The photon fluence term Φ_p in Eq. 3 can be rewritten to account for the PSD system construction as follows:

$${\Phi }_{p,\text{ave}}=S{\Phi }_{\text{sci}}{\eta }_{\text{fib}}L{\eta }_{\text{obj}}A.$$ (4)

Here, Φ_p is the photon fluence detected by the CCD per pixel (photons pixel⁻¹ s⁻¹). S is an apodization term that is the inverse of the area of the spot on the CCD imaging area and that converts photons to a photon fluence. It is approximately equal to the inverse of the total number of pixels on the CCD chip times the pixel surface area (given by [1∕An_tot]). Φ_sci is the photon light yield (photons s⁻¹) isotropically produced inside the scintillating fiber or scintillating plastic when exposed to a certain dose rate, η_fib is the coupling efficiency from the scintillating fiber to the optical fiber, L is the transmission of the optical fiber, η_obj is the coupling efficiency from the fiber output through the objective lens to the CCD plane, and A is the pixel area. Thus, as shown in Eq. 3b, the SNR can be calculated as a function of the optical photon fluence produced in the scintillator, the coupling efficiency from the scintillator to the optical fiber, the optical fiber loss, the objective lens coupling efficiency, and the noise terms.

Objective lens coupling efficiency

One point of much interest is the coupling efficiency that can be obtained using objective lenses. A similar coupling problem has been encountered in digital radiography systems. In their study on lens coupling efficiency for such systems, Yu and Boone²¹ derived coupling formulas based on the assumption that a phosphorescent radiology screen is an isotropic point source or a Lambertian extended source. However, optical fibers emit light within a divergent but finite cone. The most accurate way to solve the coupling problem in optical fiber systems would be to model and simulate the optical system using an optical design software such as CODEV.²² However, it is not necessary to perform this time-consuming optical modeling task to obtain a first-order approximation that can serve as a design guideline. To solve the problem analytically, the following two assumptions must be made: (1) The fiber is a point source and (2) the distribution of light is uniform angularly within a cone of a certain half-angle obtained from the numerical aperture of the optical fiber. The problem is then reduced to a form in which geometrical optics calculations can be performed. The expression for coupling efficiency of optical fibers therefore can be derived following the guidelines outlined in Ref. 21,

$${\eta }_{\text{obj}}=\frac{m^2}{4F^2{\left(m+1\right)}^2{\text{tan}}^2\left(\theta \right)},$$ (5)

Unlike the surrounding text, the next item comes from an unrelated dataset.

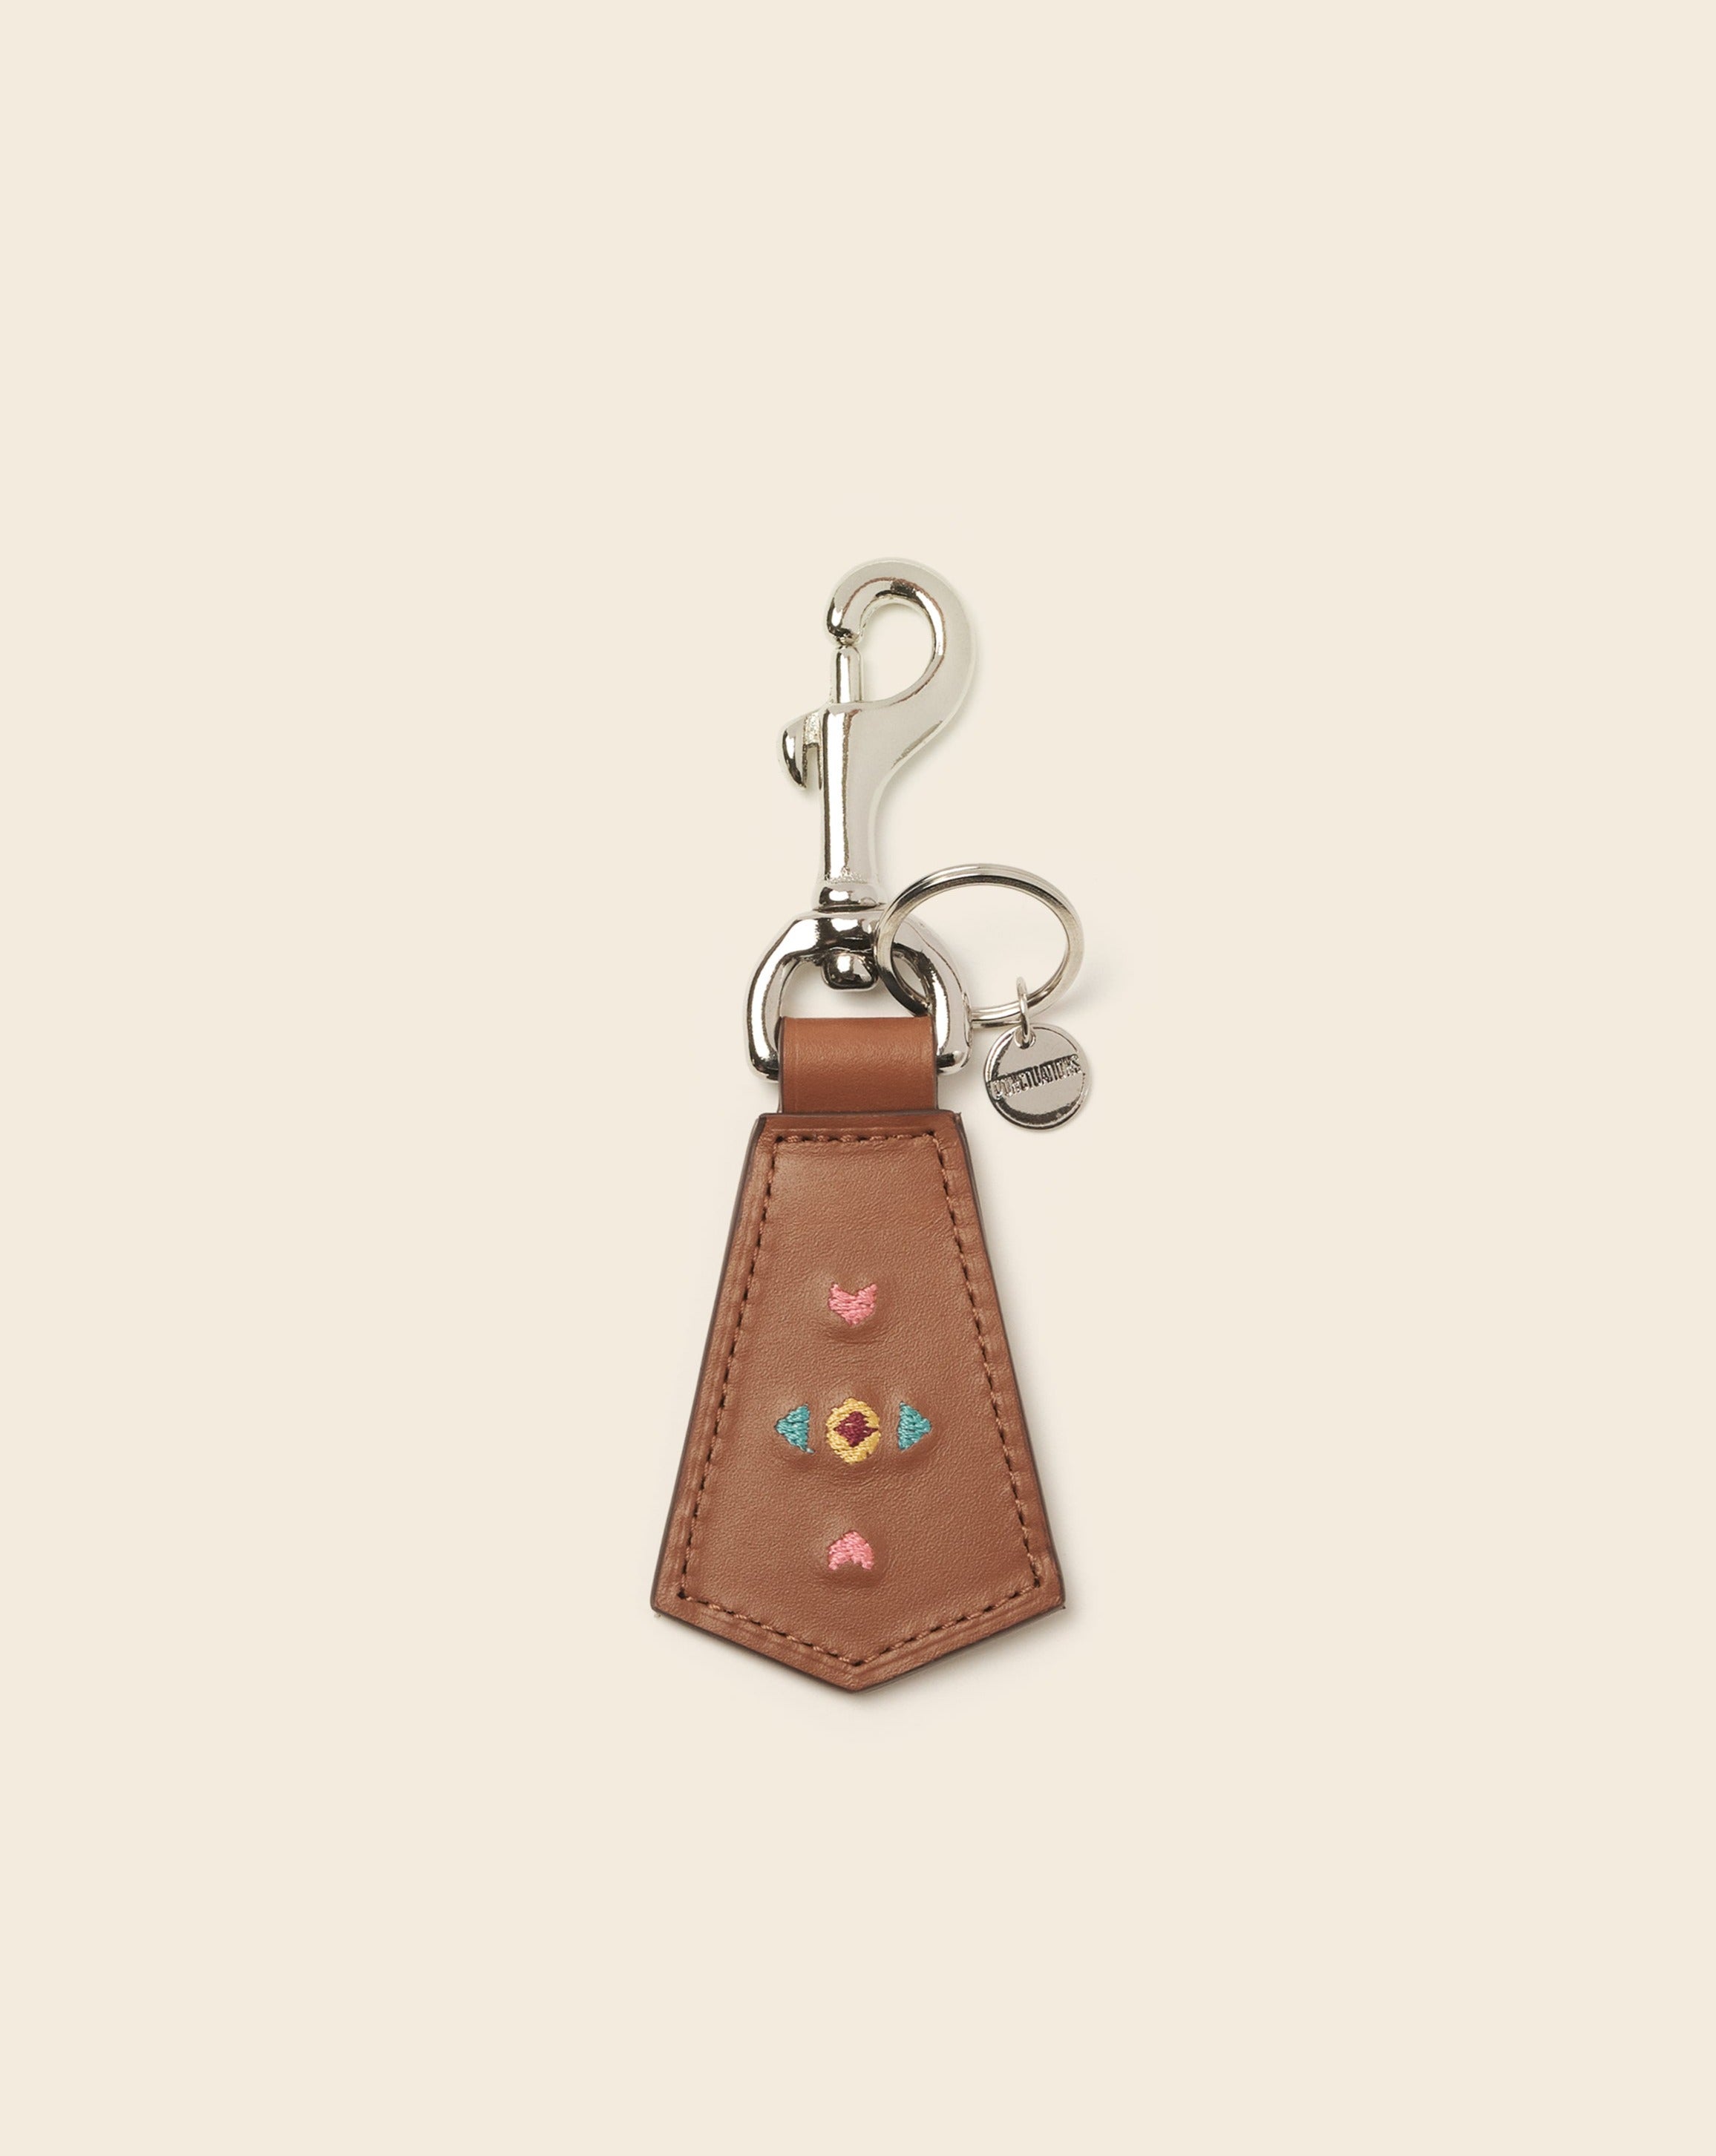 IDAHO - Key ring - Gold leather & multicolored embroidery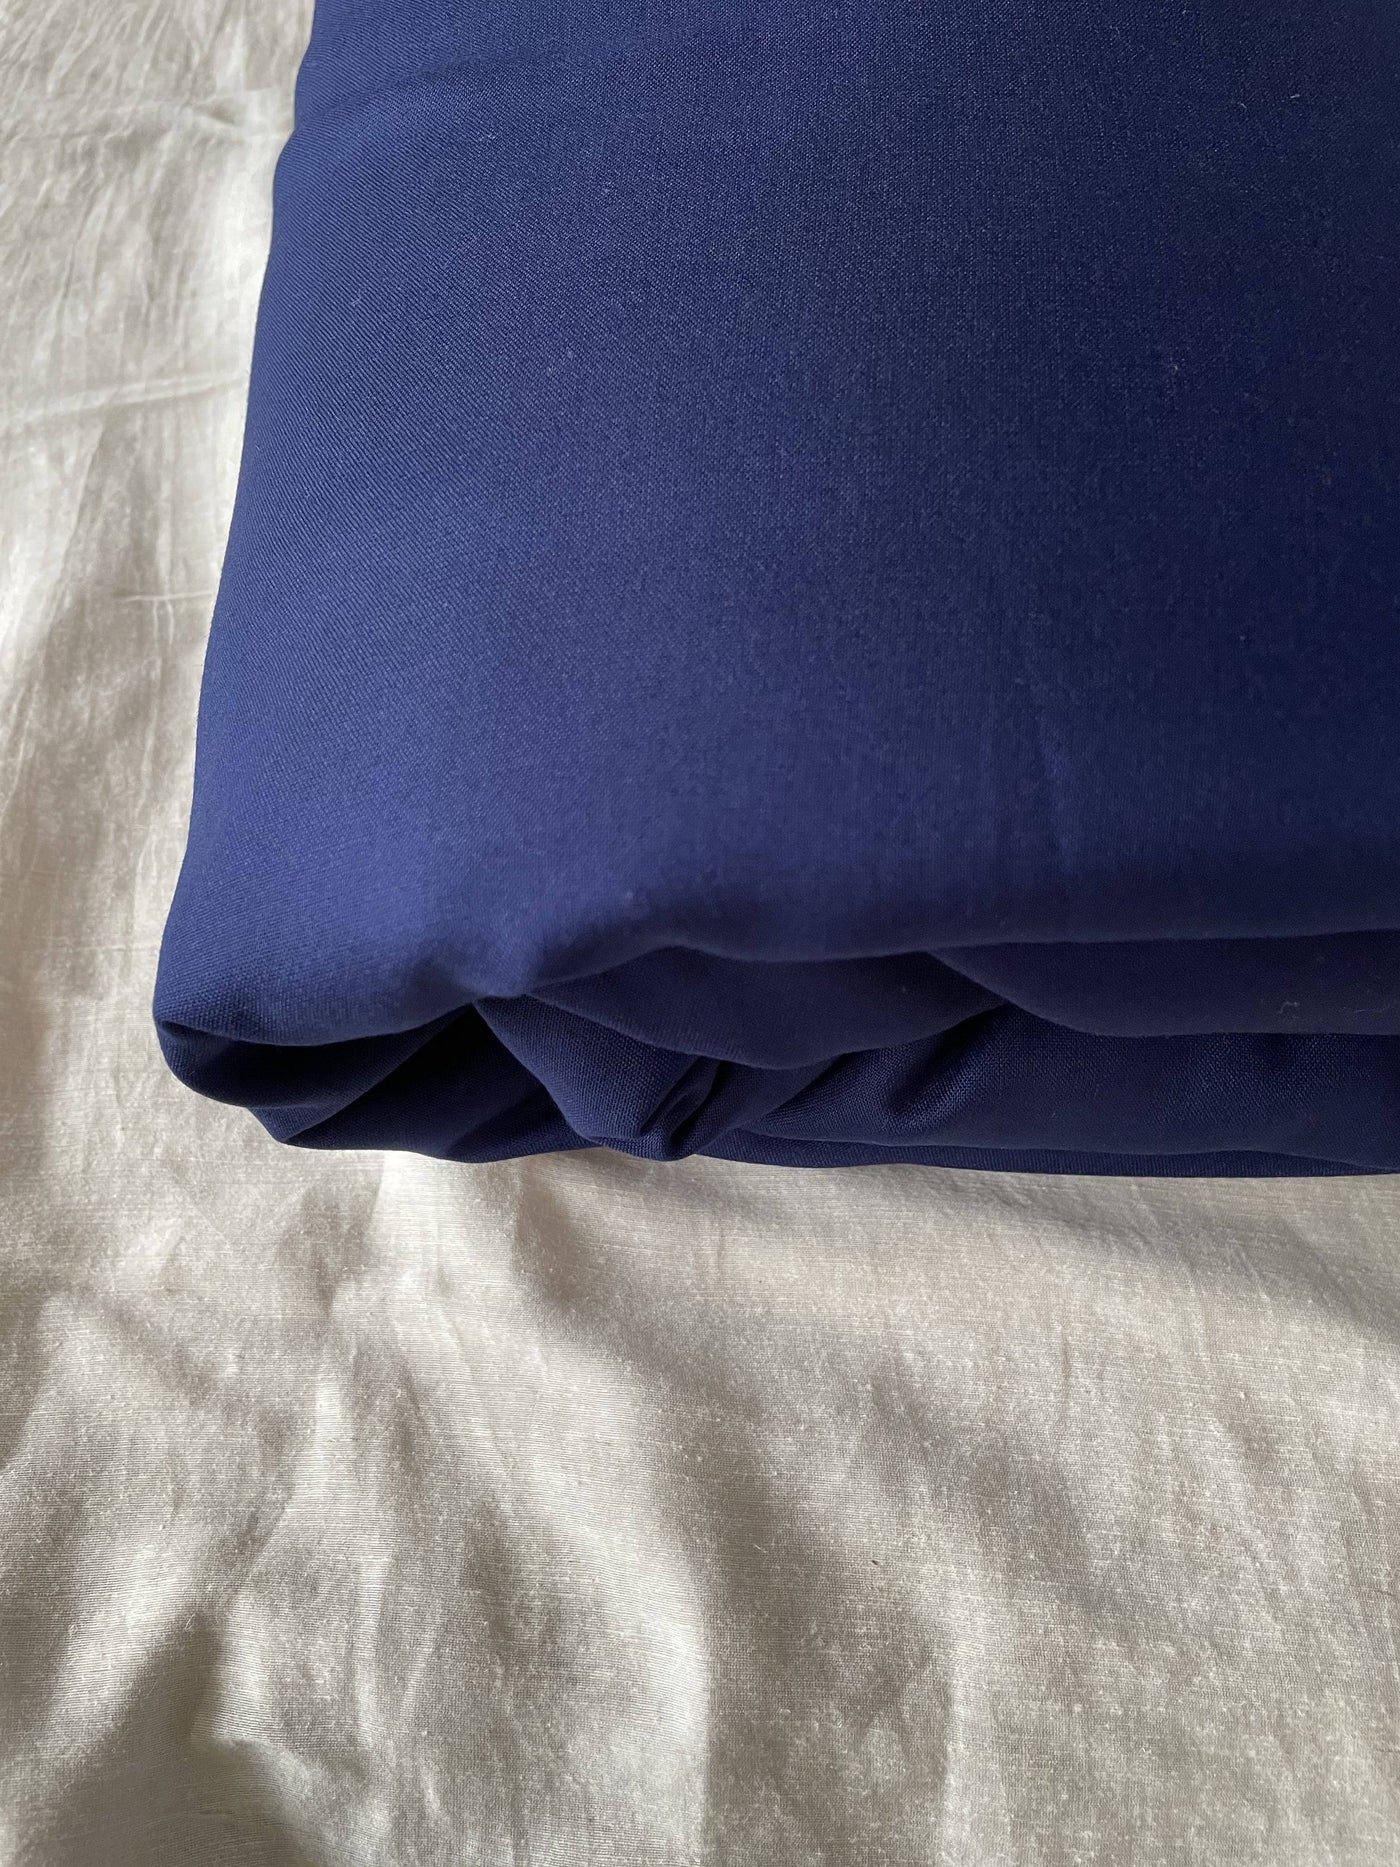 Essentials by Fabric Pandit Fabric Midnight Blue Color Pure Rayon Fabric

where (m) is the magnification, defined as the image size divided by the object size, and θ is the optical fiber emission cone half-angle. The coupling efficiency (η_obj) is proportional to the magnification (m) squared and inversely proportional to the square of the F-number (F). The SNR obtained in the image produced by the CCD is what ultimately determines the dosimeter’s performance. Equation 4 can be rewritten to include coupling efficiency explicitly for PSD arrays,

$${\Phi }_{p,\text{ave}}=S{\Phi }_{\text{sci}}{\eta }_{\text{fib}}L\frac{m^2}{4F^2{\left(m+1\right)}^2{\text{tan}}^2\left(\theta \right)},$$ (6)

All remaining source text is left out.